Polyarteritis nodosa (PAN) is a form of vasculitis, a group of diseases characterised by inflammation of the body's medium-sized arteries. Blood circulation deteriorates and blood vessels may dilate or burst. Symptoms are caused by damage to organs including the nerves, muscles, intestines and kidneys.

The term polyarteritis nodosa (poly = many, arteritis = arterial inflammation, nodus = lump) has been used for more than a century to describe different conditions associated with extensive inflammation of the blood vessels. Over time, specific diagnoses within this group of inflammatory diseases have been identified and named, so the term has narrowed. Nevertheless the parameters defining polyarteritis nodosa are still unclear. The first descriptions of the disease were made in 1866 by the German physicians Adolph Kussmaul and Rudolf Robert Maier. There is also a form of the disease which affects the skin, known as cutaneous polyarteritis nodosa (CPAN).

Occurrence

Studies from different countries show the number of people developing the disease as between 0.1 and 1 per 100,000 annually. In Sweden it is 0.1 per 100,000, meaning that approximately ten people become ill every year. The occurrence in Sweden is difficult to estimate, but there are probably approximately 300 people in the country with the disease. It is found equally in men and women.

Cause

The cause of the disease is unknown. It is characterized by patches of inflammation in the walls of medium-sized arteries. Examination of the affected tissues shows the presence of inflammatory cells. This inflammation causes parts of the walls of the blood vessels to weaken, while nodular aneurysms (bulges) form along the arteries. There is a risk that these aneurysms burst and cause bleeding.

There are no diagnostic, autoantibody tests for polyarteritis nodosa. Autoantibodies, are antibodies directed against the body itself. In France approximately half of those with the disease also have hepatitis B (liver inflammation and jaundice caused by a virus).

Heredity

No pattern of inheritance has been shown to be involved.

Symptoms

The most common age for the disease to manifest is between 40 and 60. It is extremely rare in children, but if it does present in childhood it is usually at between the ages of nine and eleven. If treatment commences early, survival rates are 80 per cent and there are often long periods of remission.

The first symptoms are a general feeling of malaise, fatigue, fever, aching muscles and joints, and weight loss. The renal arteries are often affected and blood pressure rises.
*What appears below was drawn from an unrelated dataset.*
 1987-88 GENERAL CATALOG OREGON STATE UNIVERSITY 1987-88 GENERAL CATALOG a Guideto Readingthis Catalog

There is a risk of renal failure. Other symptoms sometimes include blood in the urine (haematuria) and high levels of protein in the urine (proteinuria). Kidney failure does not give rise to early symptoms but over time swelling and nausea may develop, and the quantity of urine diminishes.
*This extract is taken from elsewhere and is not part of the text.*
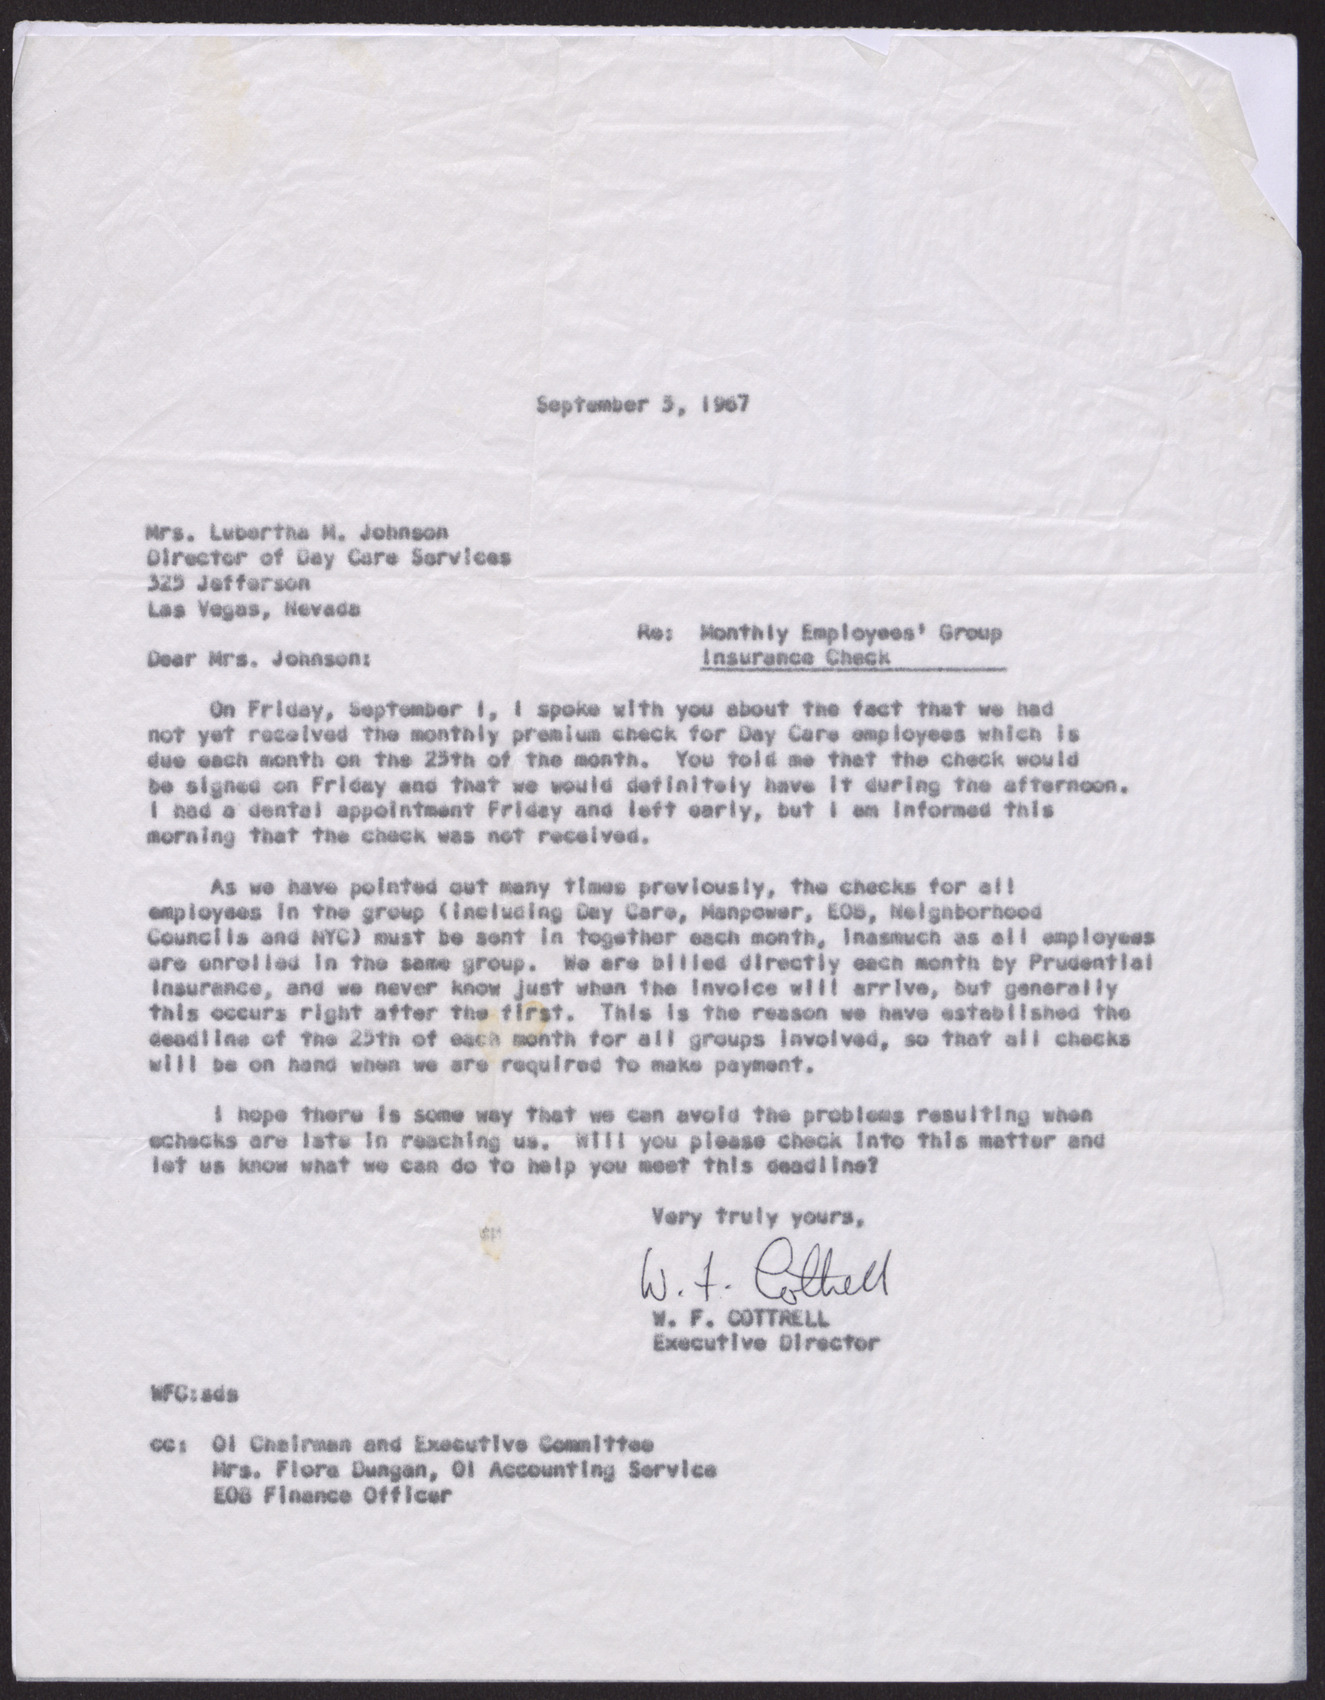 Letter to Mrs. Lubertha M. Johnson from W. F. Cottrell, September 5, 1967

The gastrointestinal tract is usually affected causing abdominal pain, nausea and vomiting. The intestine may bleed or burst, causing peritonitis. Pancreatitis may also develop, causing pain in the upper part of the stomach.

The peripheral nerves are often affected (neuropathy) as a result of inflammation in the blood vessels supplying the nerves. The peripheral part of the nervous system does not belong to the brain or spinal cord. Neuropathy is commonly asymmetric, affecting individual nerves (mononeuritis multiplex). Symptoms include persistent numbness, tingling or pain in the feet and/or hands, often combined with reduced muscle strength. The nerve controlling the muscles which lift the foot may be damaged (the peroneus nerve) resulting in foot drop.

In very rare cases the central nervous system (brain and spinal cord) are affected by a temporary disturbance in the flow of blood to the brain. This is known as a transient ischemic attack (TIA) and, regardless of severity, symptoms disappear within 24 hours.

Heart disease may develop, including angina, heart attack and heart failure.

Men with the disease may develop testicular inflammation.

Skin abnormalities are common in polyarteritis nodosa, above all on the legs. Small, tender lumps under the skin, blisters, small and/or wide-spread lesions and mottled, purplish discoloration (livedo reticularis) are common. There is a form of the disease called cutaneous polyarteritis nodosa. This affects only the skin and not the inner organs.

Diagnosis

As the disease is so rare and symptoms vary so much, it is difficult to diagnose polyarteritis nodosa. There are no specific tests to confirm the diagnosis so it is made by noting signs and symptoms, and with the help of a detailed case history. Ordinary blood tests often show elevated sedimentation rates (SR) and anaemia as signs of general inflammation. Kidney function may be affected, which can manifest as blood and protein in the urine.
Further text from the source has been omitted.